== AVAILABLE DATA

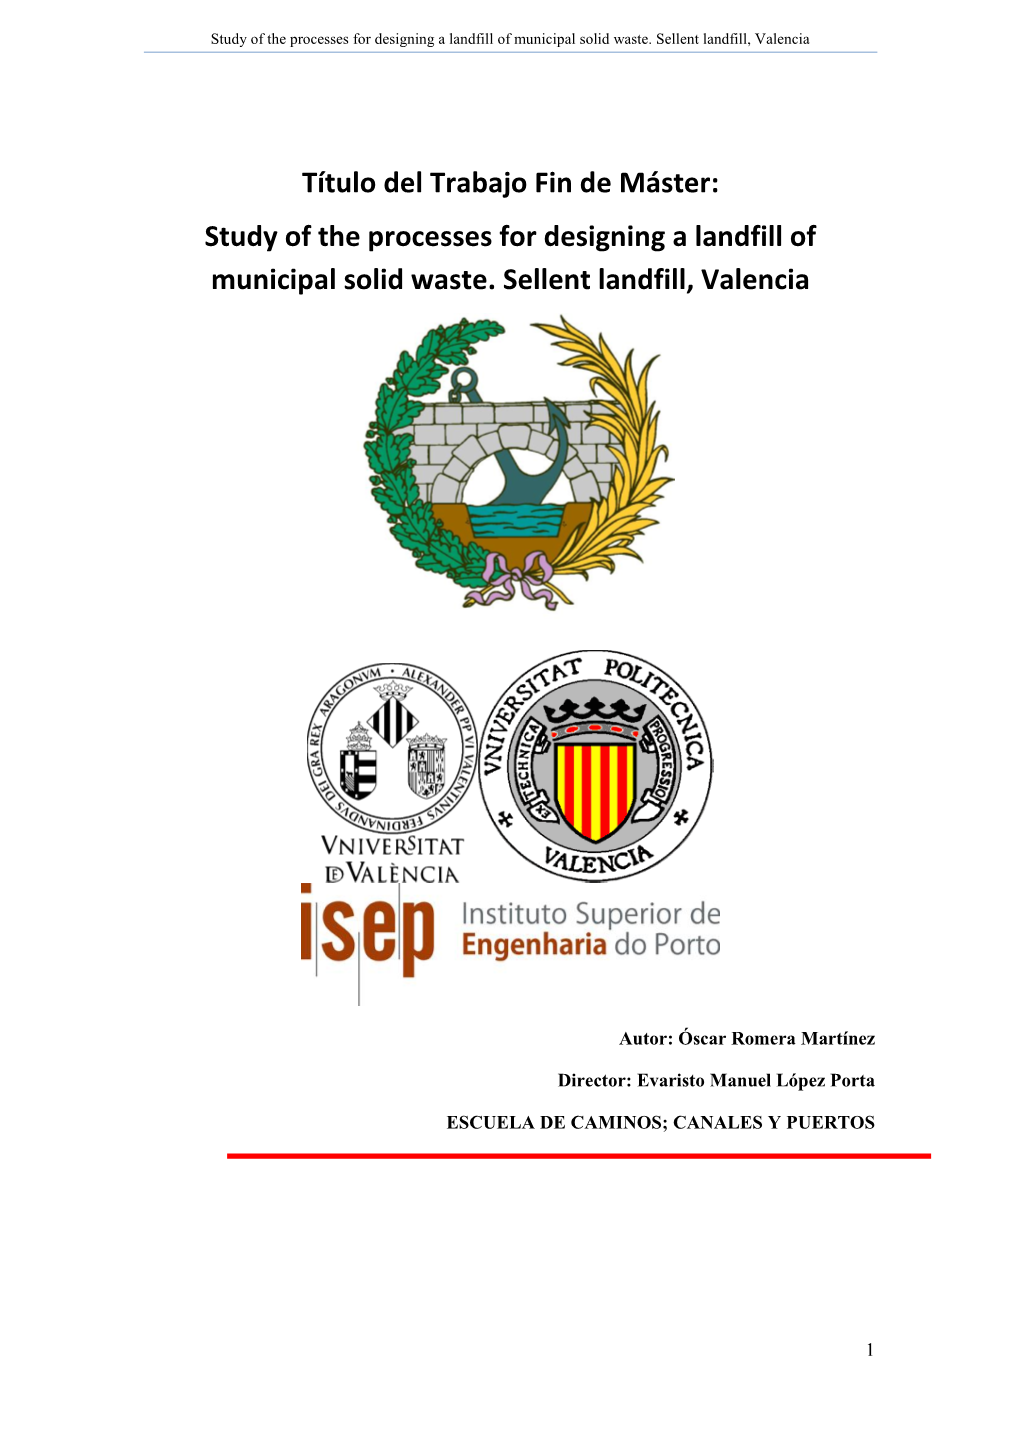 Título Del Trabajo Fin De Máster: Study of the Processes for Designing a Landfill of Municipal Solid Waste
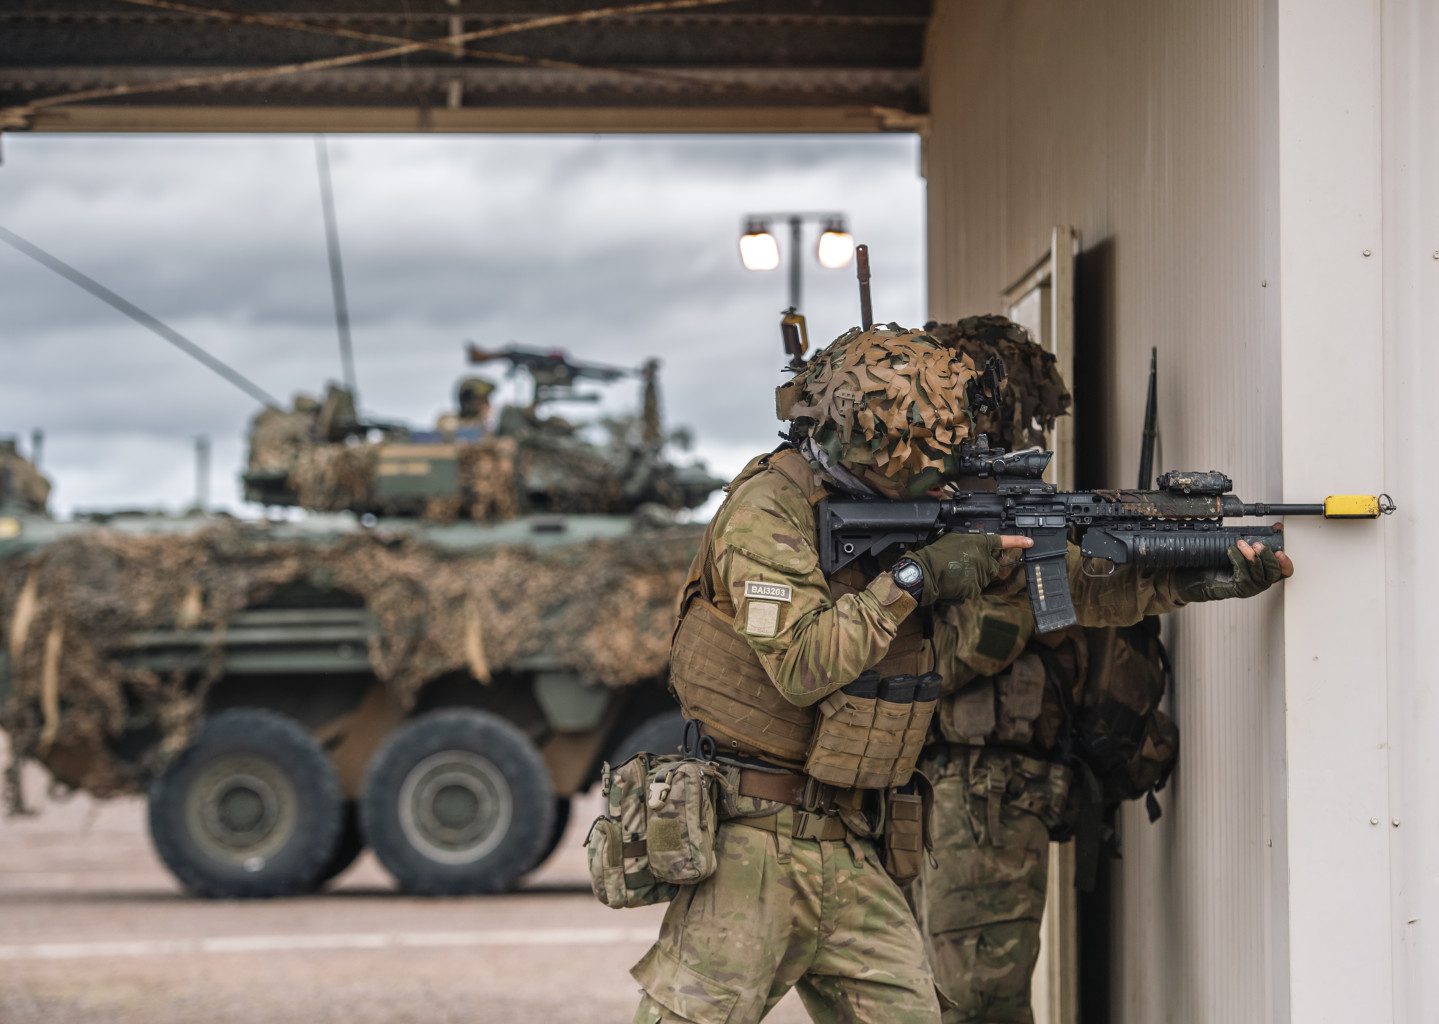 New Zealand is participating in the multinational exercise Talisman Saber 2023 in Australia, using the VCBR LAV and NH90 helicopters.
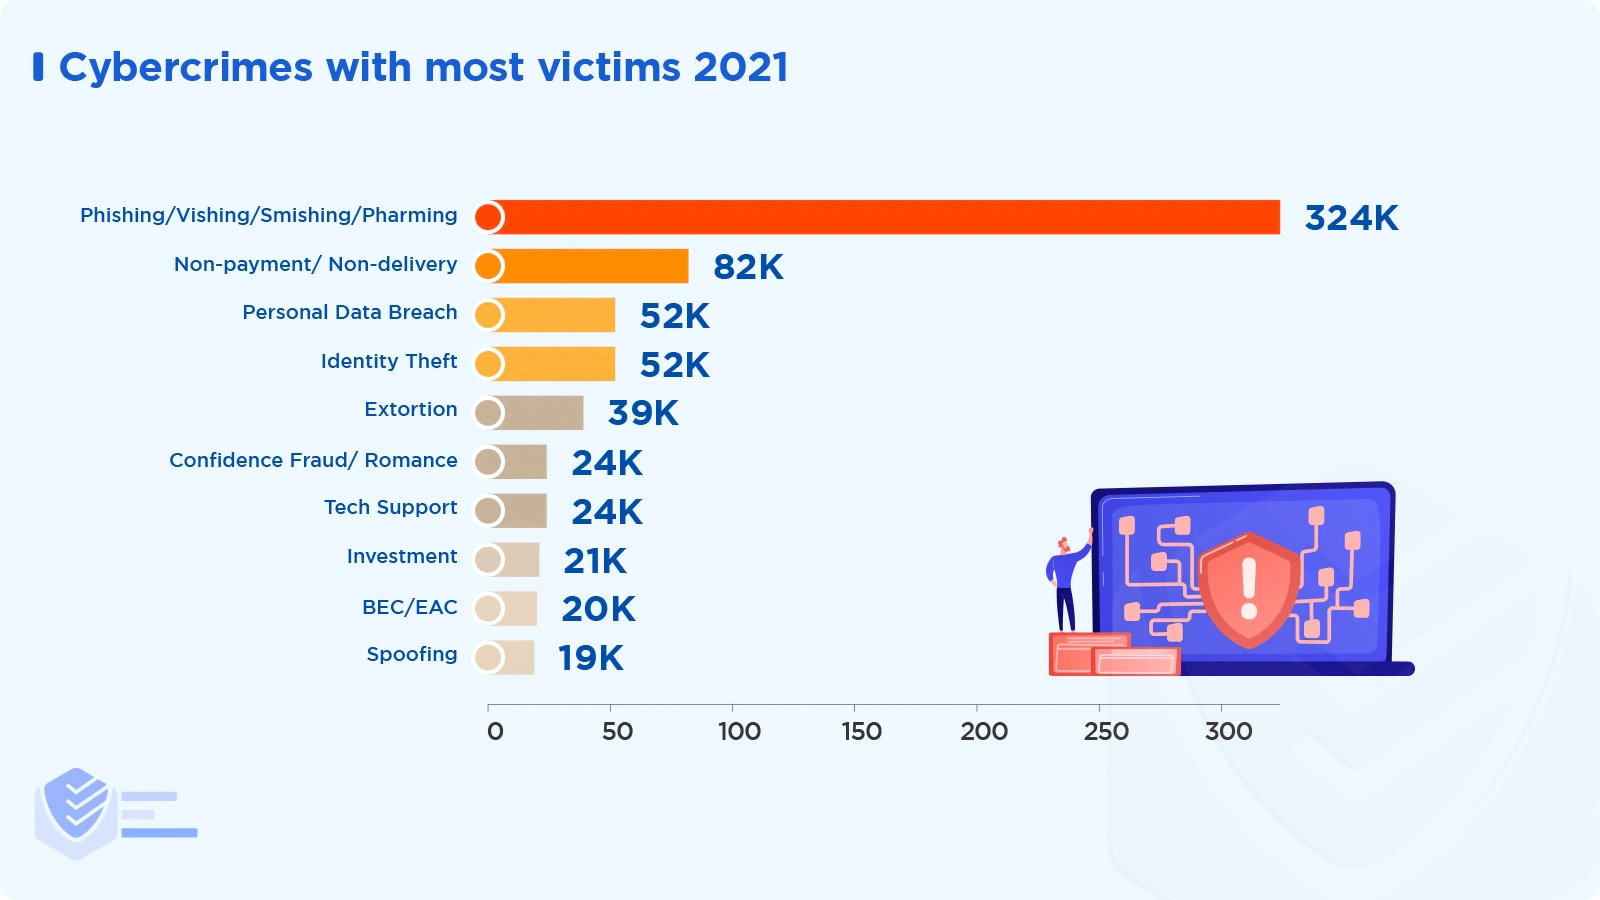 Cybercrimes with most victims 2021

====

**DIRECTIONS:**
Any picture found in the data is to be skipped while the rest is copied exactly.

**SOLUTION FOR THIS PROBLEM:**
 Título Del Trabajo Fin De Máster: Study of the Processes for Designing a Landfill of Municipal Solid Waste
 New Zealand is participating in the multinational exercise Talisman Saber 2023 in Australia, using the VCBR LAV and NH90 helicopters.
 Cybercrimes with most victims 2021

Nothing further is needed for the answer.